For once, I was too brusque to a nurse who whined about all sorts of things. I turned to her, and asked, “Then, why are you still here?”. I realized later that she was burned out, but I just did not want to be sucked into her miserable existence. The negativity was burning a hole in her personality that it was a torture to have her around.

After all these years as an ER nurse, one would expect a sense of disillusionment, or burn-out. But instead of waning, my passion for emergency nursing is burning in its intensity. When you find the nursing field that you’ve been looking for, any other department is inconceivable. And I realized, it is a double blessing when you enjoy the work you do. Nurses make a difference.

Here are top five things that I love as an ER nurse:

1. Variety is the spice of life- No two days are the same. There is no such thing as Ground Hog Day. But there are many instances of deja vu. It’s like a different flavored ice cream every day.

A staff nurse has different assignments and sometimes can be switched to different positions in a single shift. Every single day is an adventure, sometimes overwhelming but never boring.

You never know what will come through the ambulance doors. It is when it is too quiet that we scratch our heads and our hearts flutter because surely, something dramatic will come. We should always prepare for the unexpected. We should always be on our toes; this is not a place for the faint-hearted.

One day, a small dog wandered over to the ER with a splinter on his paw. Another day, a woman protested too much, “I’m not pregnant. I’m just fat.” Moments later, she squealed and out came a baby.

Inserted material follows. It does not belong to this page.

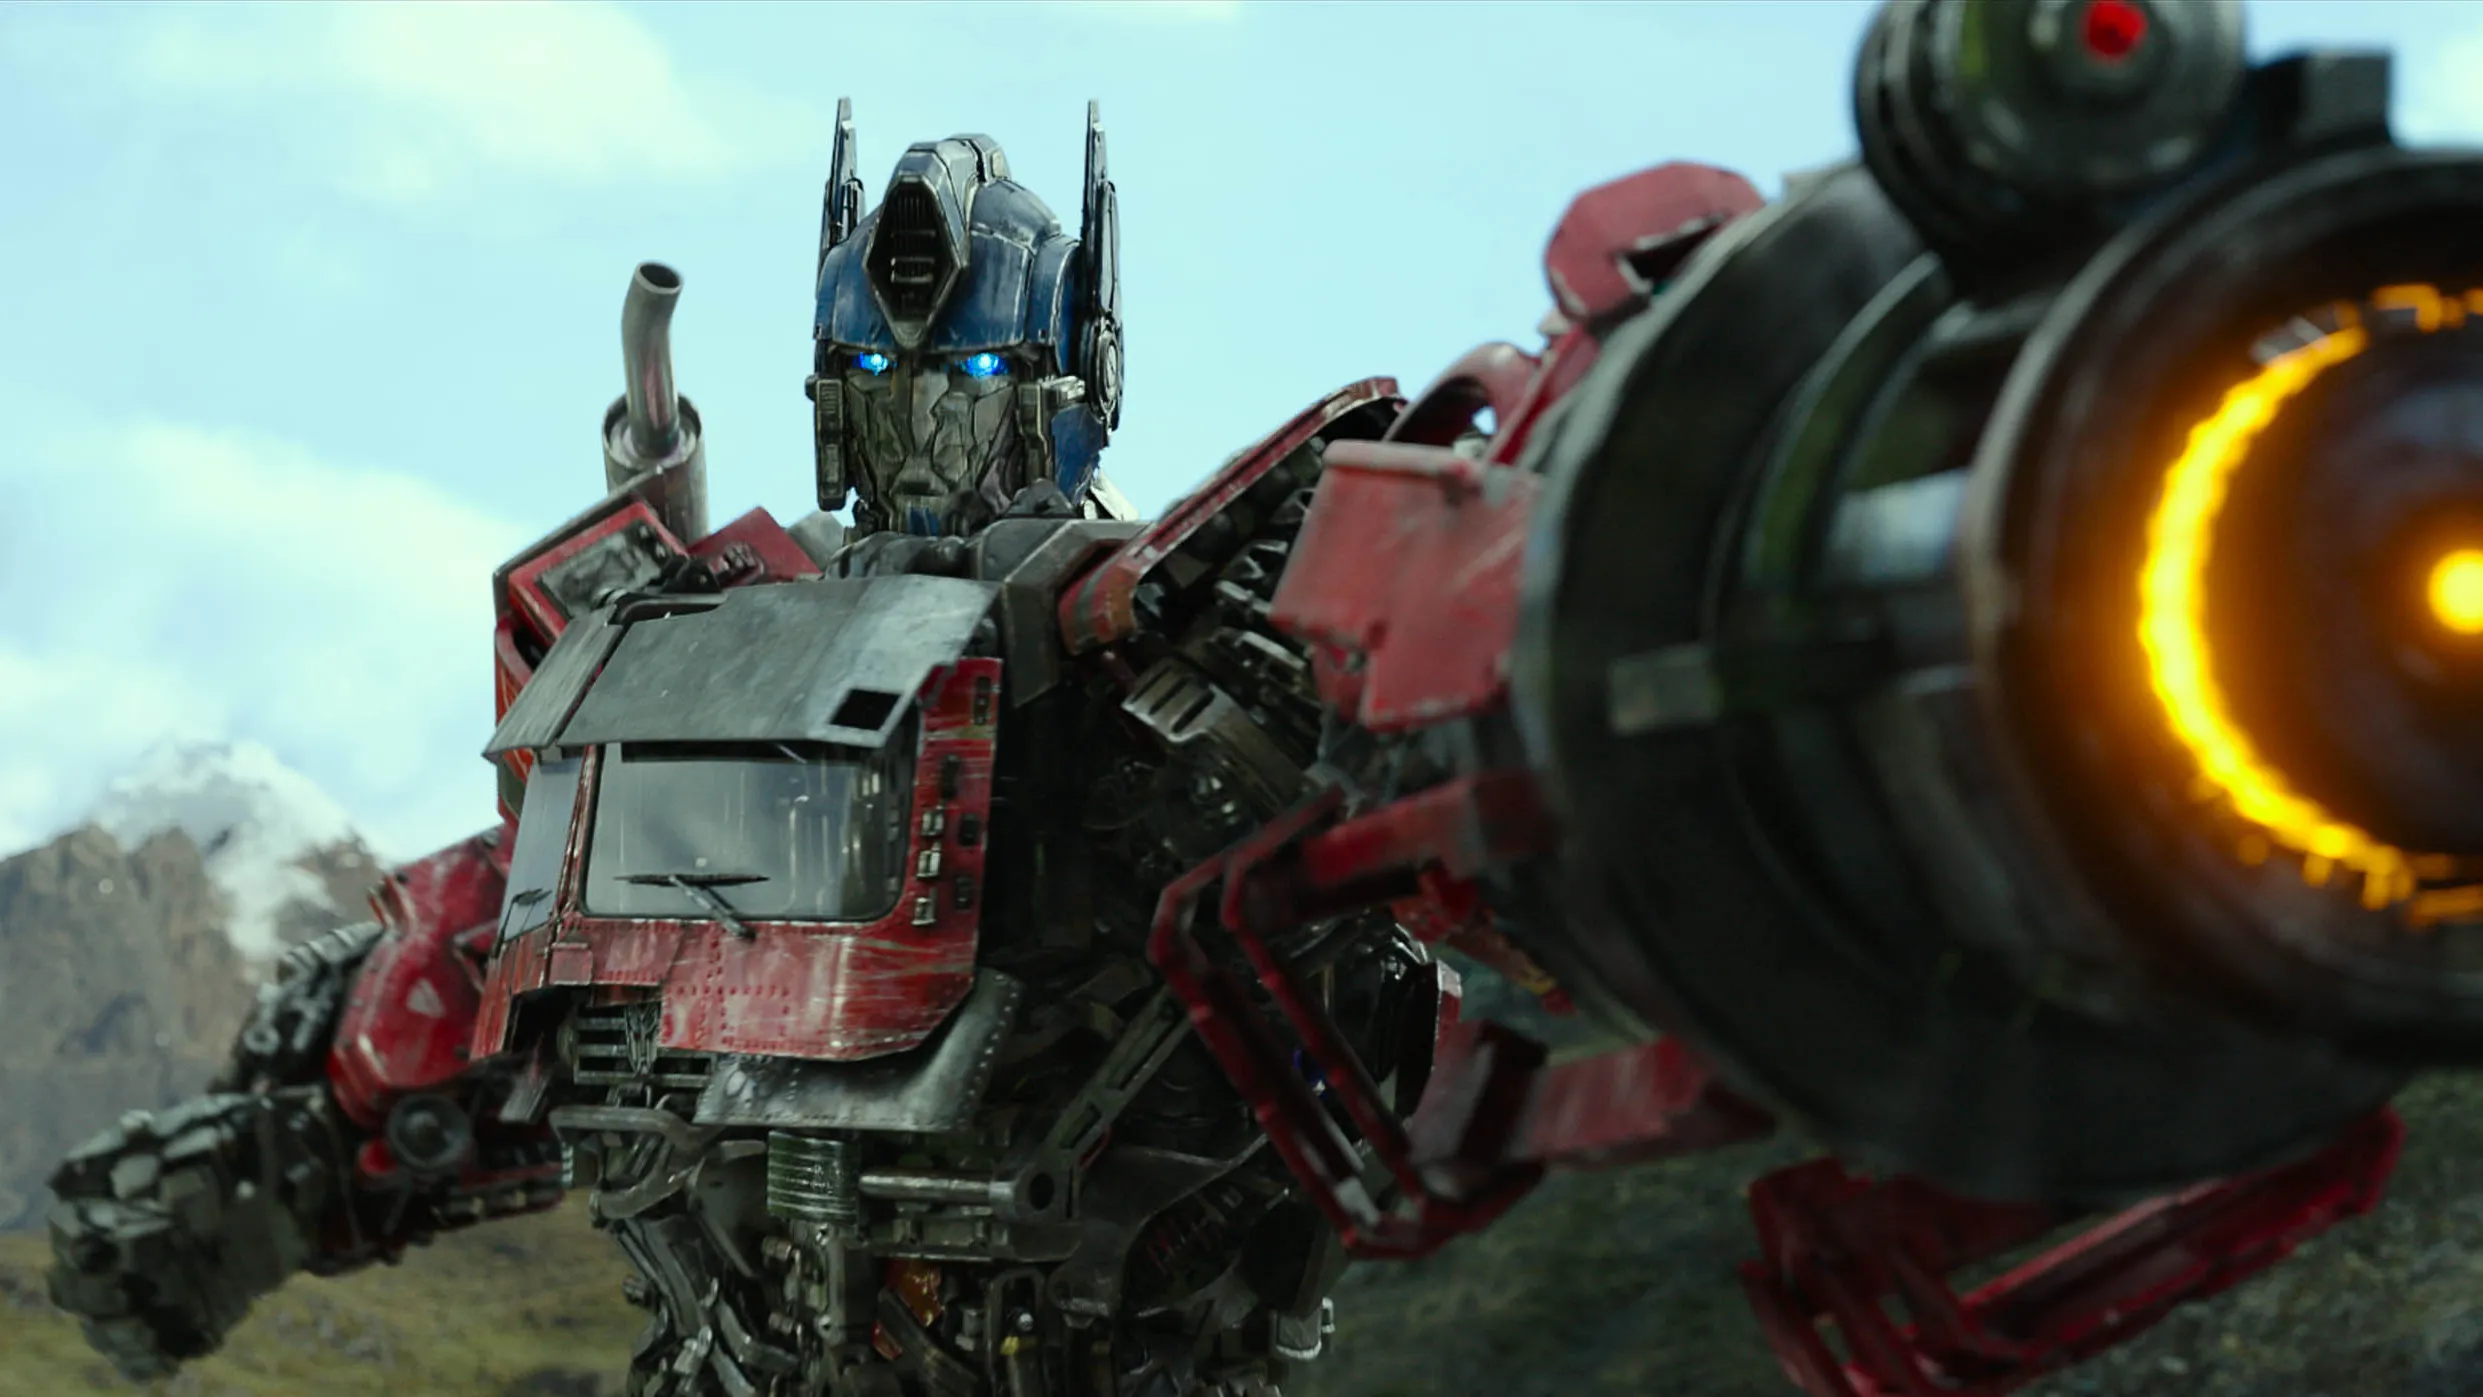 Optimus Prime - od dekad lider Autobotów. Czy można jeszcze zrobić z tą postacią coś ciekawego?

2. Organized Chaos – The ED is always overcrowded and it is gridlock time. Grand Central Parkway at 5pm. Stretchers next to each other. Any floor nurse who visits the ED would be horrified at what they perceive as a chaotic environment. An ER nurse knows that although the activity level is frantic, the staff knows what to do.

And there is organization amidst the din; there is controlled chaos. The adrenaline rush sustains the nurse as she flies from one patient to another; her focused and determined look means that she’s managing her time as best as she can, so please get out of her@%&*@ way.

3. Interesting Patients/ Funny moments- A nurse will never run out of amusing stories to tell.

After a snow blizzard, EMS transported a patient using a snow sled. An inebriated man pushed his compadre to the ED on a grocery shopping cart and told the nurse stoically, “my friend needs help.”

A trauma patient came in after a motorbike accident with a fractured leg; he was totally covered with tattoos. His eyebrows, nostrils and lips were pierced. His genitals were covered with his brand of art. But when he saw the 14 gauge angiocath, he screamed in fear.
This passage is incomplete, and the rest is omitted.